Media Blog

Brian Williams on Blogs

Some excerpts from a recent Brian Williams addres to the NYU School of Journalism:

The Nightly News attracts between 10 and 11 million viewers each night. But the playing field for prime-time nightly news is in constant motion, with NBC, CBS, and ABC jockeying for the top slot in the ratings game. The tremendous growth of online media — especially blogs — in recent years has altered the face of journalism.
“You’re going to be up against people who have an opinion, a modem, and a bathrobe,” said Williams. “All of my life, developing credentials to cover my field of work, and now I’m up against a guy named Vinny in an efficiency apartment in the Bronx who hasn’t left the efficiency apartment in two years.”

A modem? Williams is worried about bloggers with dial up?

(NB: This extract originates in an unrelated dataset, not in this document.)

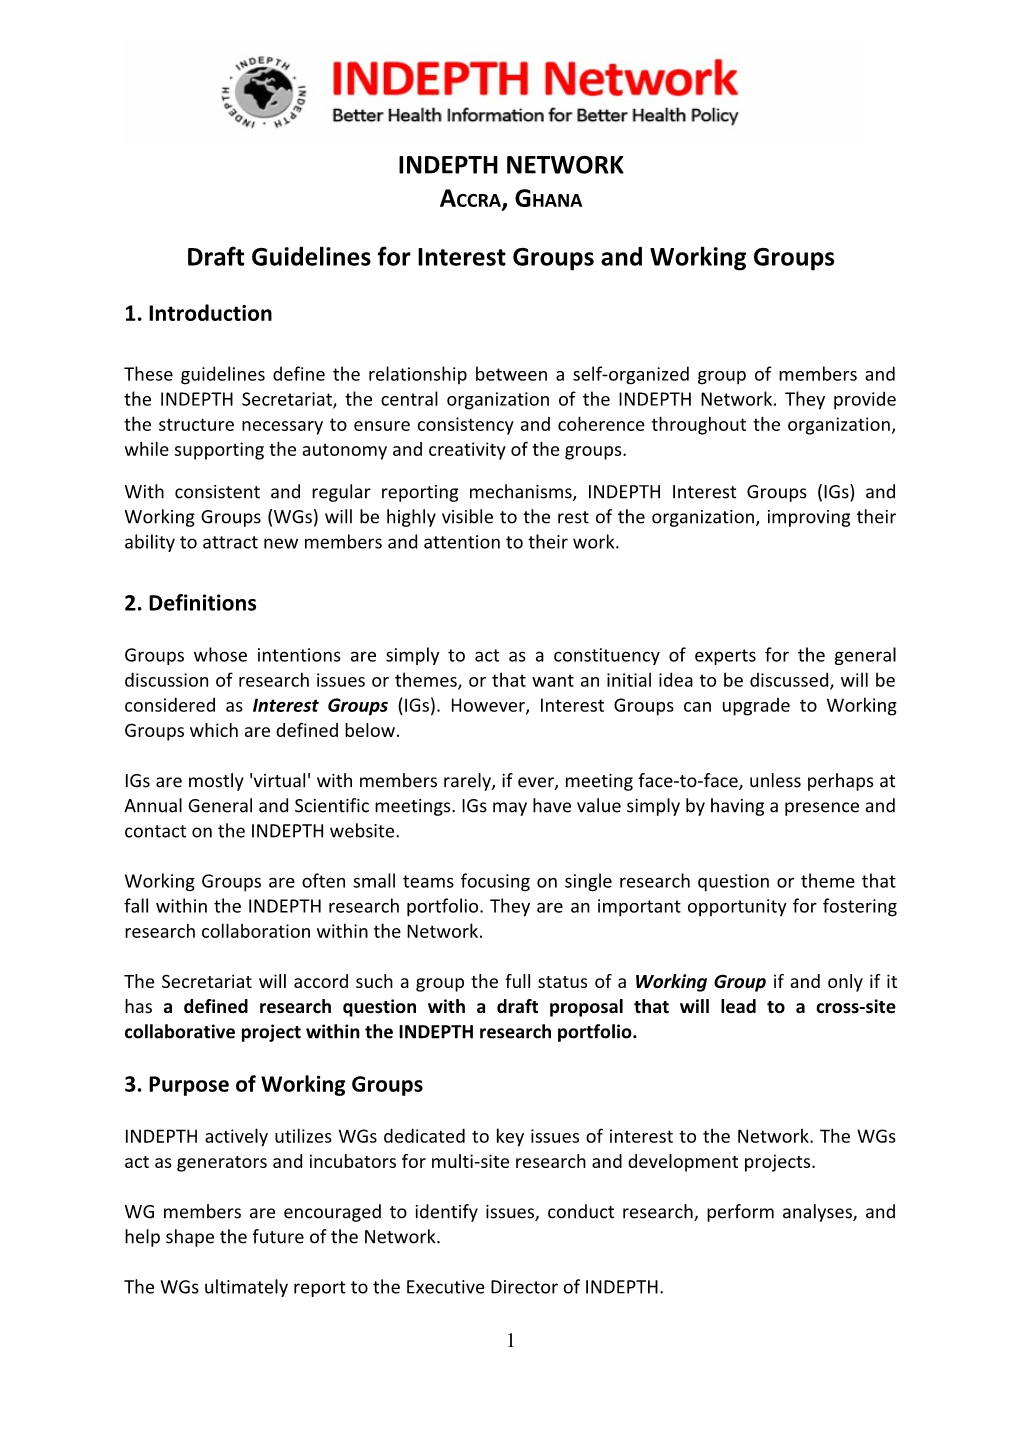 Draft Guidelines for Interest Groups and Working Groups
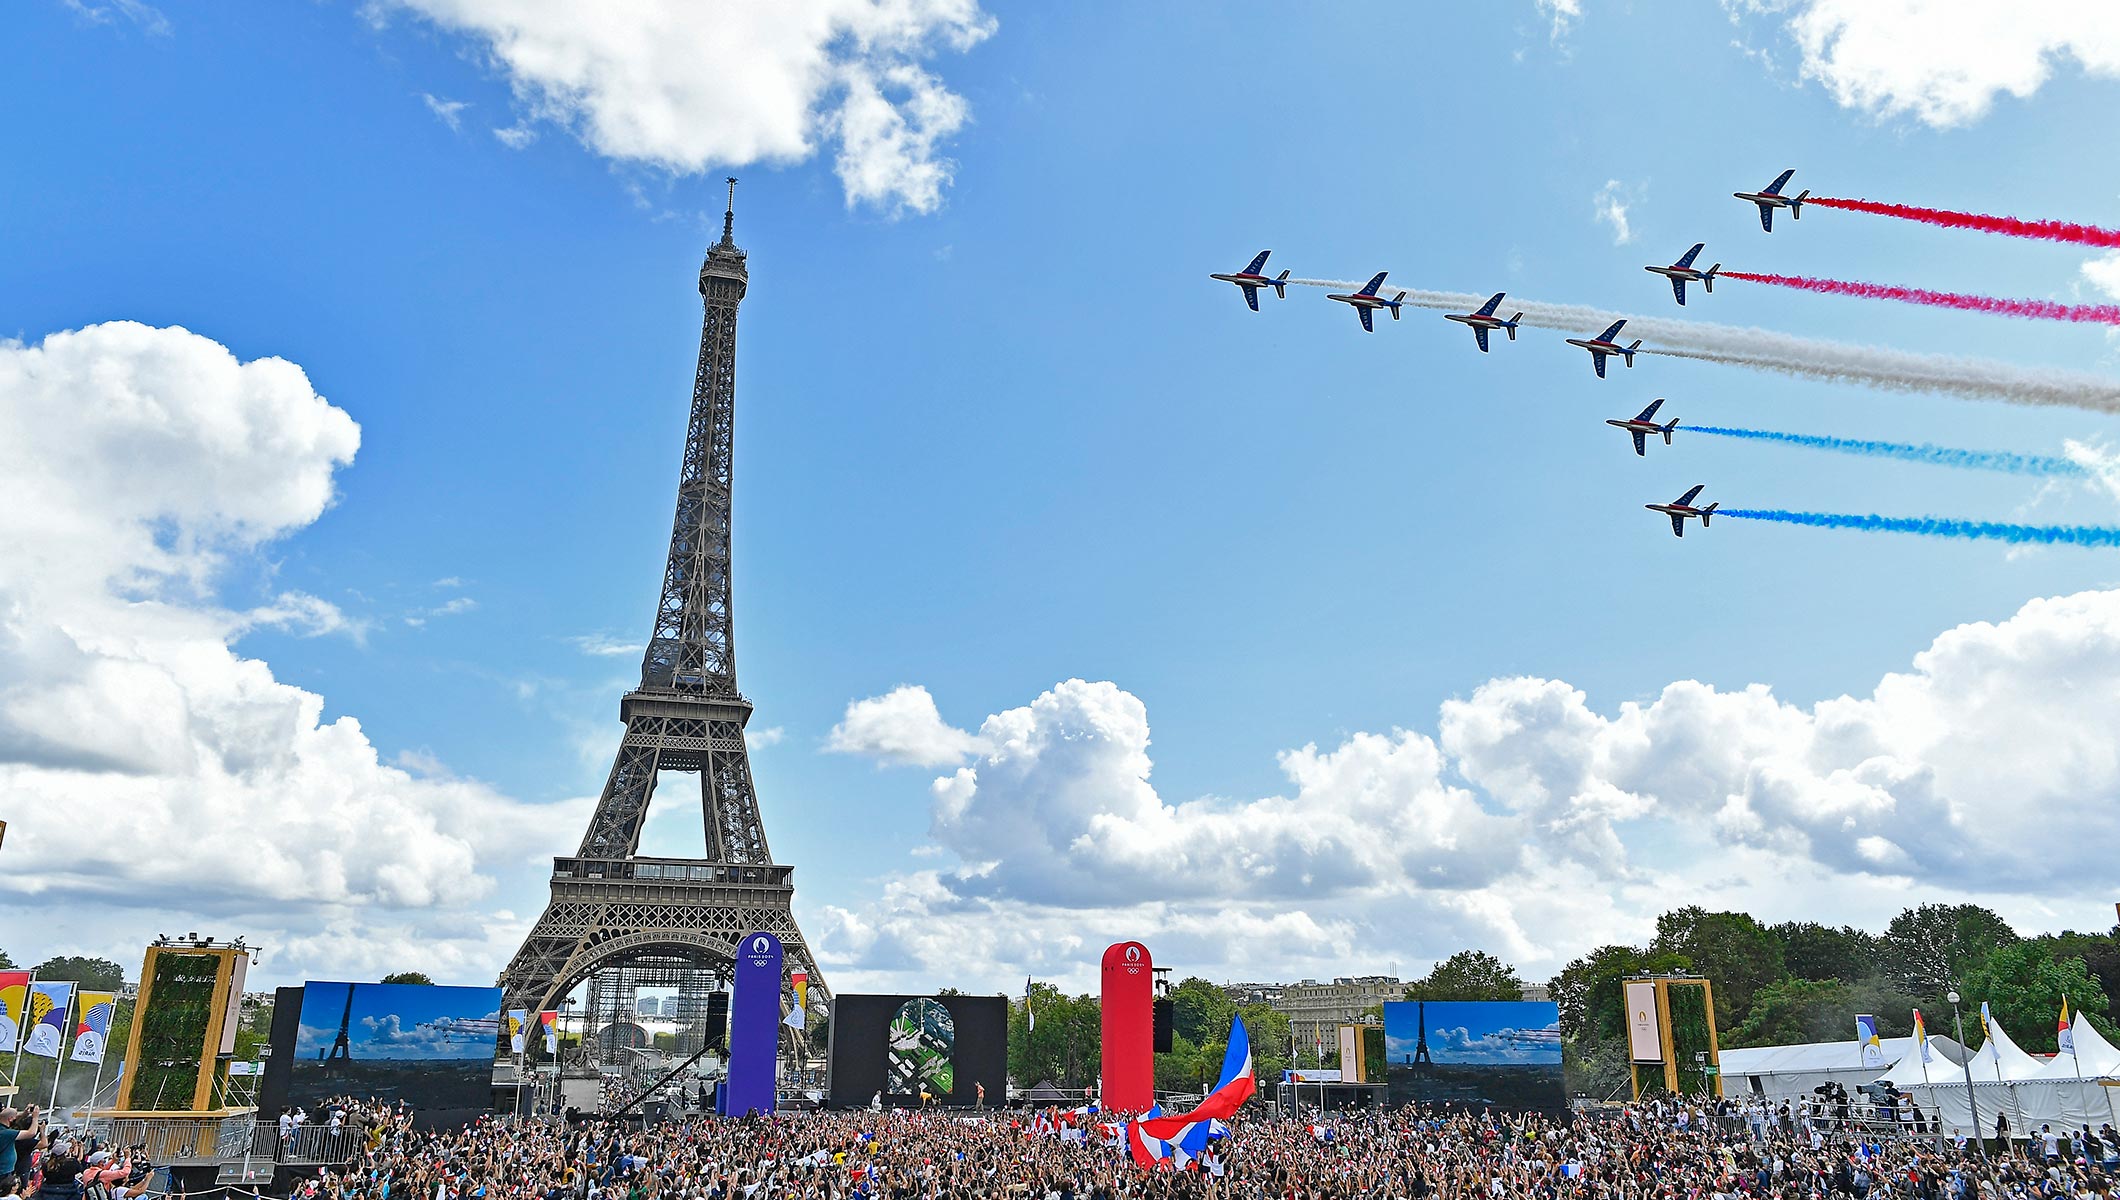 Paris 2024 eyes €100m more from lower tier partners to meet

He added that it’s often difficult to judge the credibility of a blogger. “On the Internet, no one knows if you’ve been to Ramadi or you’ve just been to Brooklyn and have an opinion about Ramadi,” said Williams.

Yes, almost as difficult as a major network figuring out that an anti-George Bush memo was written using Microsoft Word….

Williams is certainly not anti-blog — in fact, he has his own blog, The Daily Nightly, which he updates every day. But he does worry that the explosion of opinion-driven amateur media might distract the public from big stories or important writers’ work.
“If we’re all watching cats flushing toilets, what aren’t we reading? What great writer are we missing? What great story are we ignoring? This is societal, it’s cultural, I can’t change it. … Like everybody else, I can burn an hour on YouTube or Perez Hilton without breaking a sweat. And what have I just not paid attention to that 10 years ago I would’ve just consumed?”

Big stories, like this NBC News video of Posh Spice coming to America:

Sunday, July 15

Bush remains firm on Iraq

al-Maliki: Iraq able to secure country

Another deadly day in Pakistan

L.A. Archdiocese under pressure

Harry Potter didn’t affect literacy

China’s field of dreams

Beckhams: Coming to America

Williams acknowledged, if a journalist doesn’t embrace new media, he or she won’t be around for long. Williams cited the example of a reporter at The Philadelphia Inquirer who was fired recently because he refused to start a blog.
“It seems to me that if I’m in print and everything around me says ‘updated seven minutes ago,’ I’m going to want to also have been updated seven minutes ago, if not six,” said Williams. “He or she who doesn’t adapt dies.”

Not a very good prognosis for the 6:30 news, is it?